Checking her iPhone GPS once more, Celeste mashed the gas pedal up a hill and pulled into Hammish Park. The fog thinned. The sun was retiring. The pine needles on the trees surrounding the lake were on fire with the sunset. Celeste stepped one black heel on the gravel lot and then the other, shut the door and walked to the lake. Water soothed her.
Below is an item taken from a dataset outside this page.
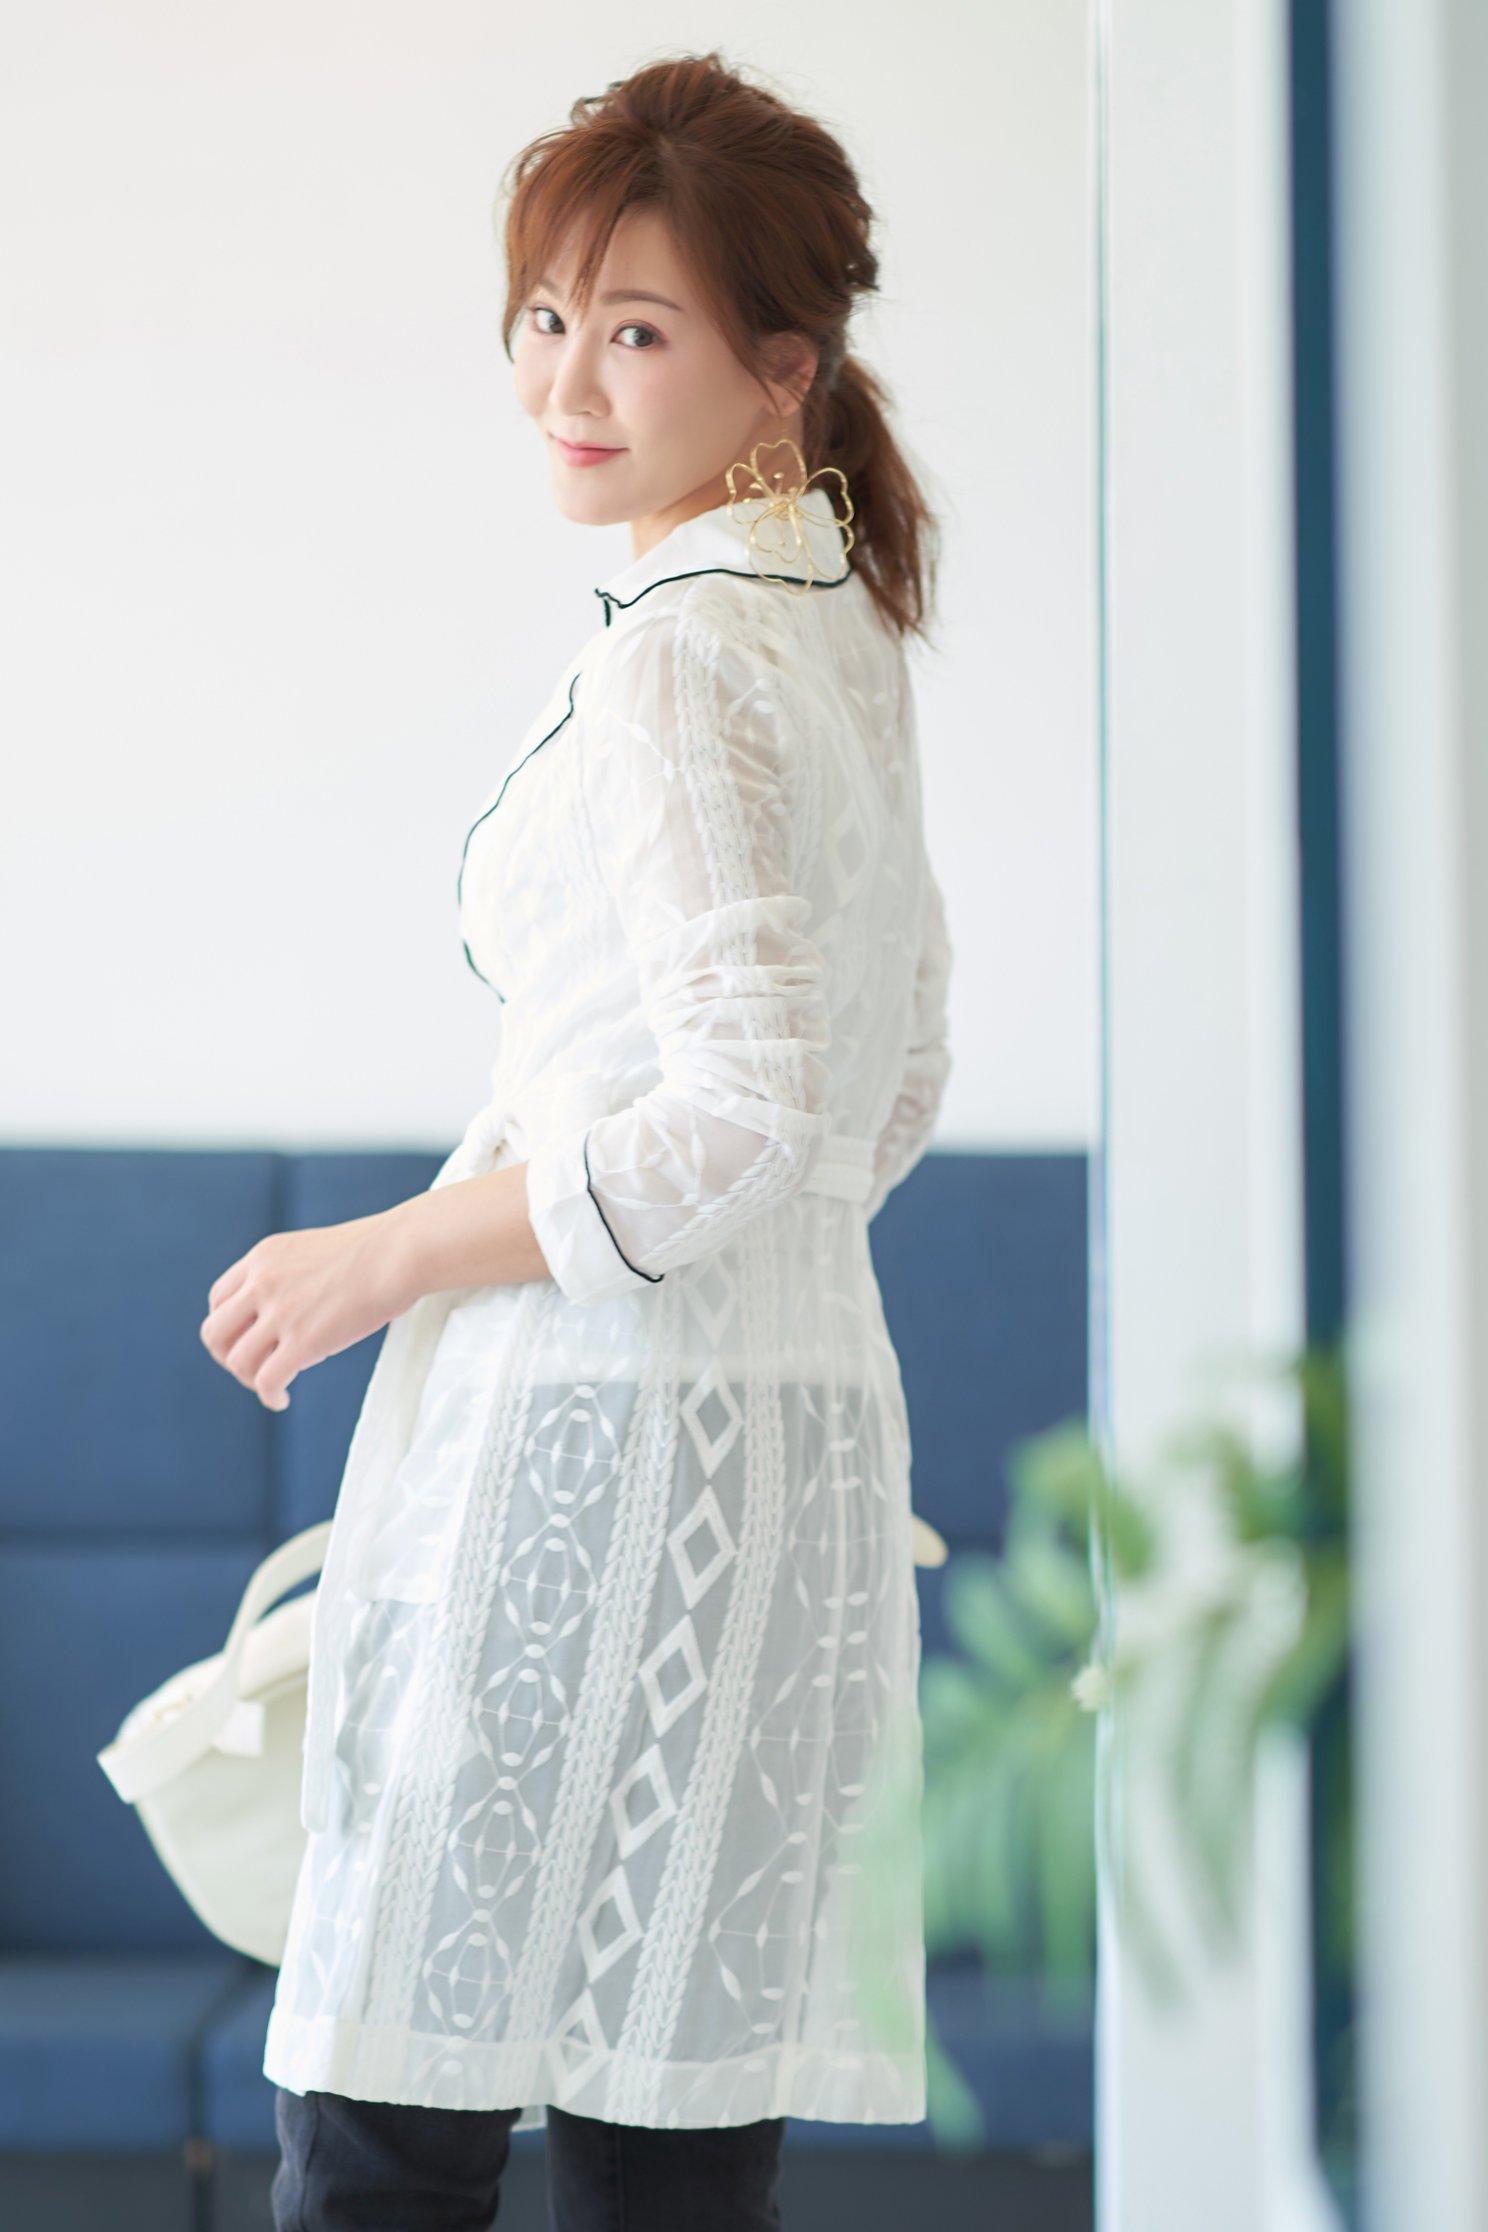 氣質綁帶時尚雕花流行長袖外套,jacket,outerwear,whiteouterwear,valentine,cardigan,longsleevedress

She had always preferred the surreal effect of the sky’s reflection in water over the stark real thing.
Suddenly a large black shadow swept over the lake, startling her. She reached for the gold and diamond cross tucked in the soft indent at her throat. Celeste glanced up quickly. Peach hues of emptiness and silence greeted her. Confused, she moved her gaze back to the lake. The shadow swept by again, a black form with a wing span as large as a bus. She fell back as she once again quickly looked up. Nothing. Scrambling to get back to her feet, she couldn’t help but look forward. Now hoards of shadows moved on silent wings, riding on the surface of the lake, circling, crossing paths. Still nothing above to cause such a display.
Celeste threw the car in reverse, kicking up gravel as she backed up and tried to breathe through the panic. There was no way she was waiting for her contact there.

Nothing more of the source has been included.